**Instructions for the task**: All pictures are to be dropped, and the remaining data set down exactly.

**Source data**:
'''

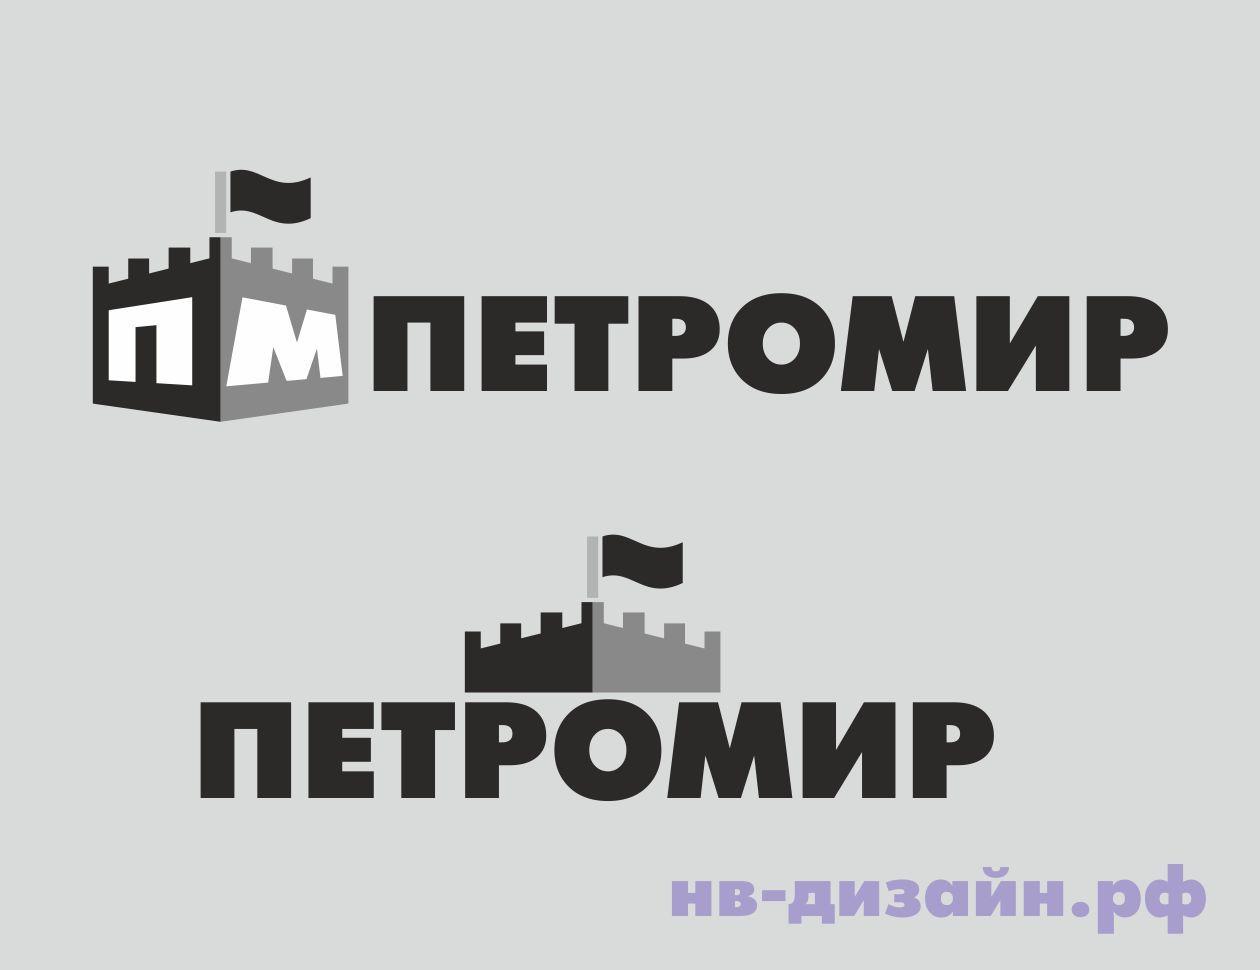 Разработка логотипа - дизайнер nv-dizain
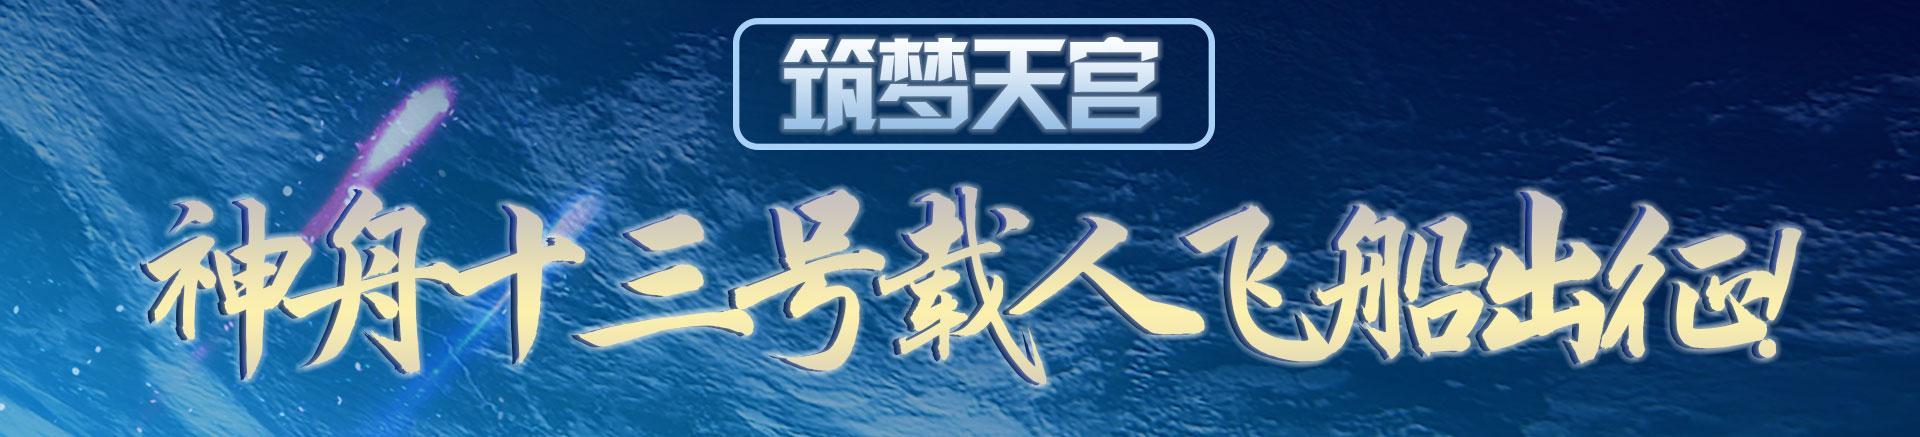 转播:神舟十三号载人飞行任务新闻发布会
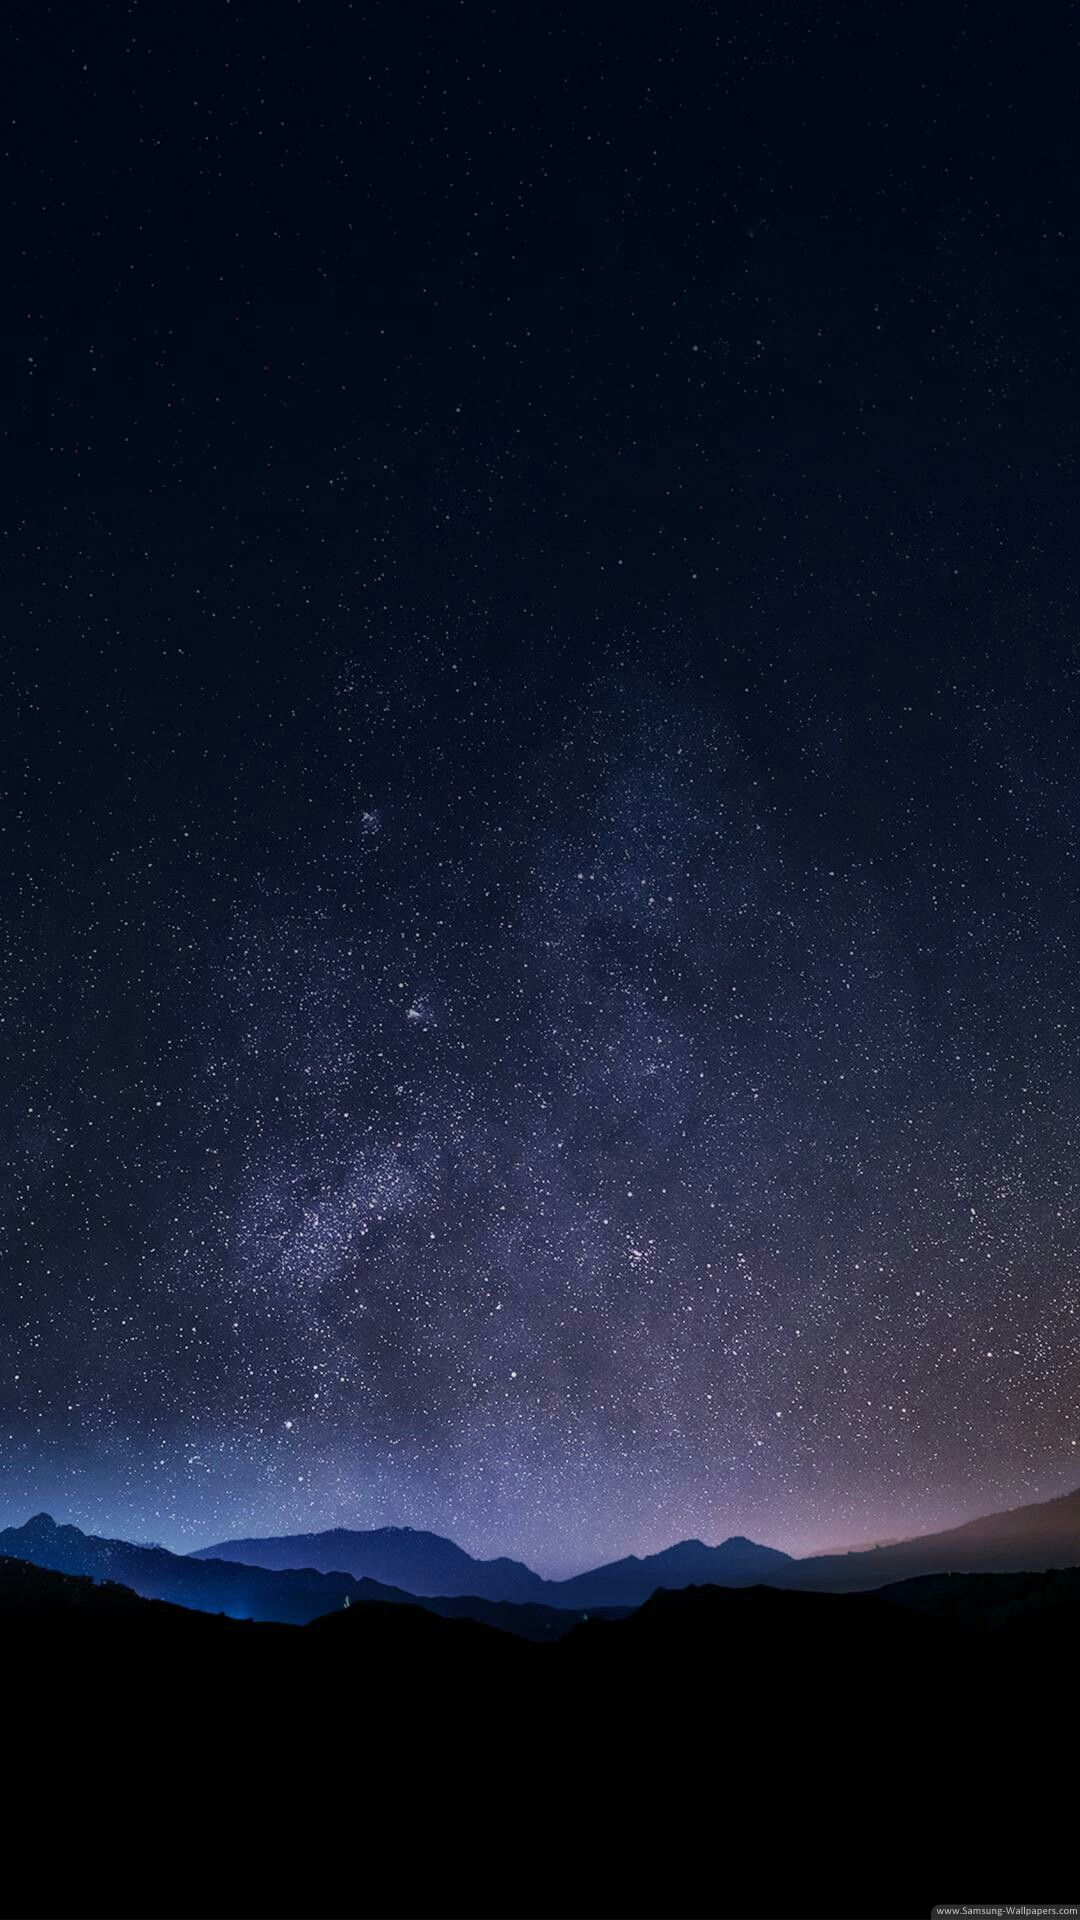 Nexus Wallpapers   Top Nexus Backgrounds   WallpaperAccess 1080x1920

'''

**Solution to the problem**:
 Разработка логотипа - дизайнер nv-dizain
 转播:神舟十三号载人飞行任务新闻发布会
 Nexus Wallpapers   Top Nexus Backgrounds   WallpaperAccess 1080x1920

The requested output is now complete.